Data service configured to access your data. In this example we will access the MongoDB sample store sales data.

Opening the Tool

You can access the Data Source Designer in several ways. Tools can be opened from the signOn page, the home page, and from various tools using the hamburger    menu.


From the Home tool.

  

Alternatively you can open the tool from the hamburger    menu on each tool.

  

Pressing the control key during the menu click opens the tool in another tab.

The layout of this tool is depicted below.

  

Specifying the Data to Query

Select your data service from the dropdown. The Qarbine administrator manages which ones are visible to any particular sign on.

  

The databases associated with that data service will populate the database dropdown.

  

The “database” concept varies by the actual cloud data endpoint being interacted with. For example, MongoDB and SQL Server have this concept, while Milvus and Weaviate do not.

Select the database “sample_airbnb” database as shown below.

  

On the left hand side the collections drop down will be populated. This area is informational in nature and independent of what you type into the query text field. “Collections” is the generic term. For SQL databases this maps to “tables” for example.

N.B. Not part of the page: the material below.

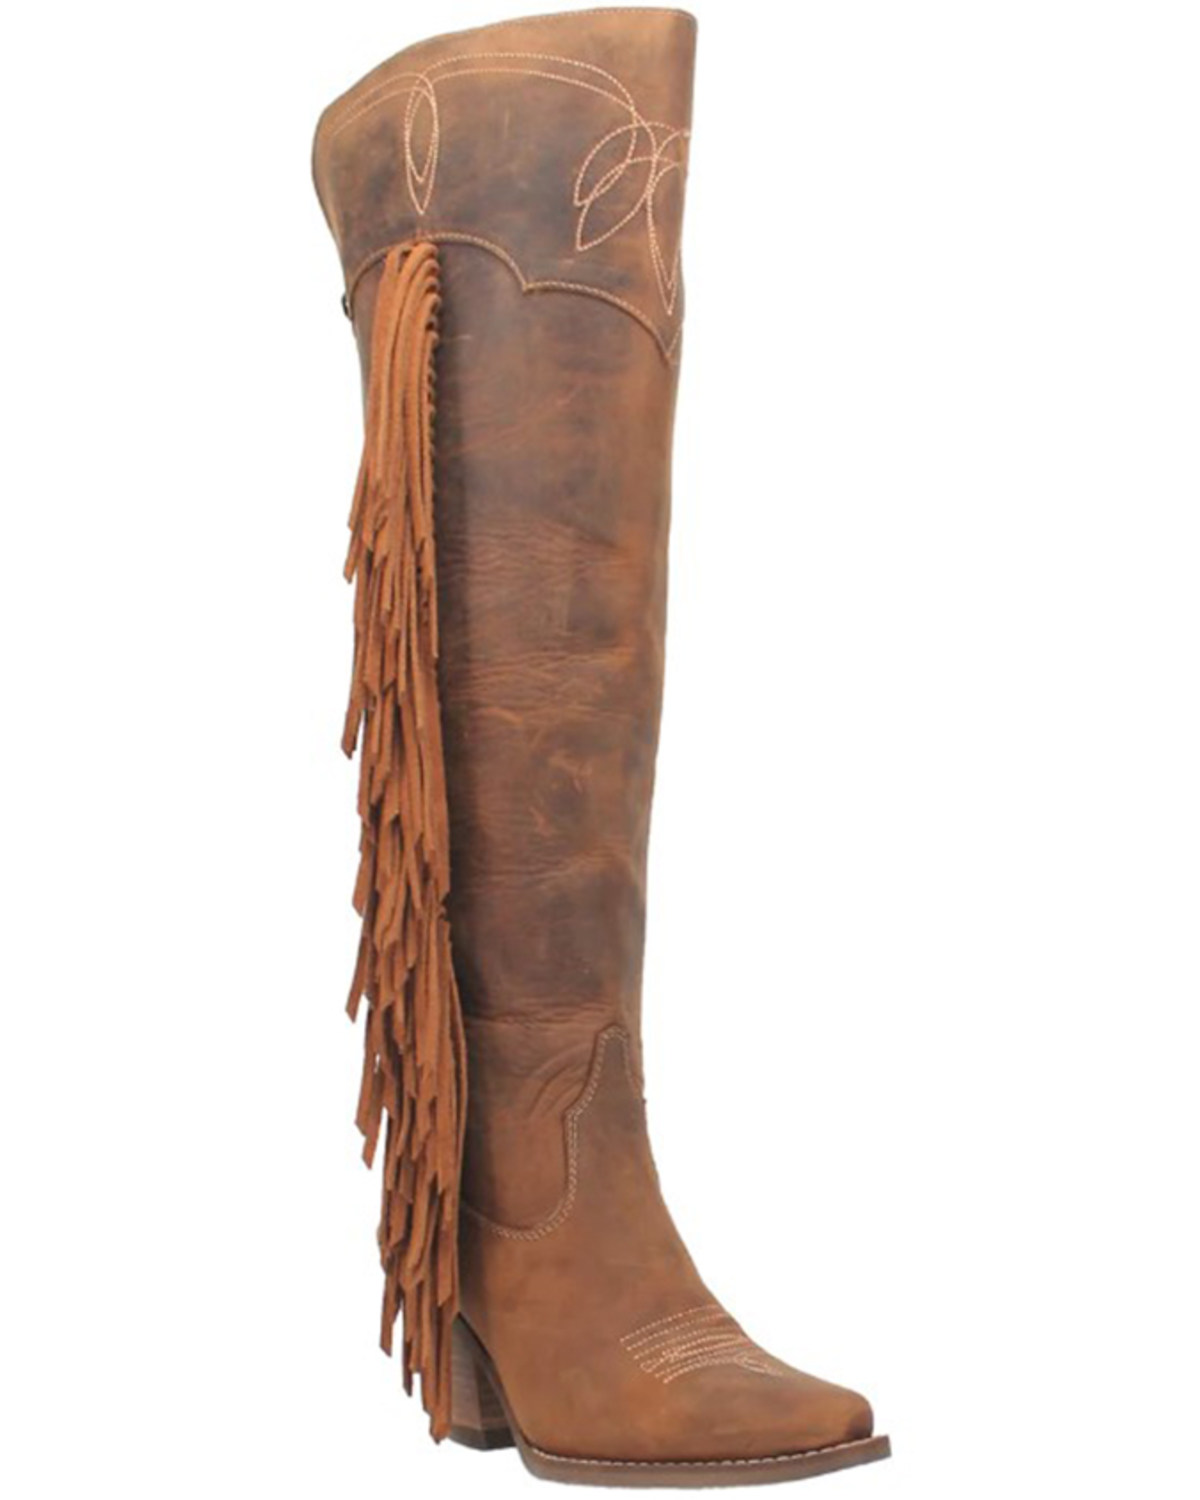 Dingo Women's Sky High Tall Western Boots - Pointed Toe

Select a collection from the drop down.

  

Its general structure will be shown.

Main Fields Some Additional Fields
  




  

The large text area in the middle is where you enter your query specification. The syntax varies again by actual cloud data endpoint. It may be MongoDB Query Language (MSQL), SQL, or even a JSON looking like structure. See the Data Source Query Guides for details.

Here is an example MongoDB query.

db.listingsAndReviews.find( { "address.country_code": 'AU'} )
.project( {name: 1, summary: 1, address: 1} )

Note there is a dot before the “project” clause.

  

Clicking the run icon    performs the query and the results are shown in the bottom area.
 

Selecting one of the rows populates the right hand area as shown below.

  

Date Display and Maximum Element Retrieval Options

Note that the sample data above has sale dates stored as UTC dates. By default dates are shown in the local timezone. To change this presentation click the   button to go to the property dialog.

Check the “ISO UTC” option as shown below.

  

This dialog is also one way you can change the maximum number of elements in the answer set you want processed.

NOTE- The “Max Objects” value is an action performed by Qarbine. Specifying zero indicates no limitation on Qarbine’s part. It is best to limit the size of the result set within the query itself which will then be optimized by the target database. While you are formulating your query this may be the best strategy.

Defining Queries

Overview

The syntax of a Data Source queries are based on the underlying database or endpoint. It may range from MongoDB query language, to SQL, to even a JSON object structure. Review the documentation matching the database or endpoint of interest for specific details on query interaction and syntax.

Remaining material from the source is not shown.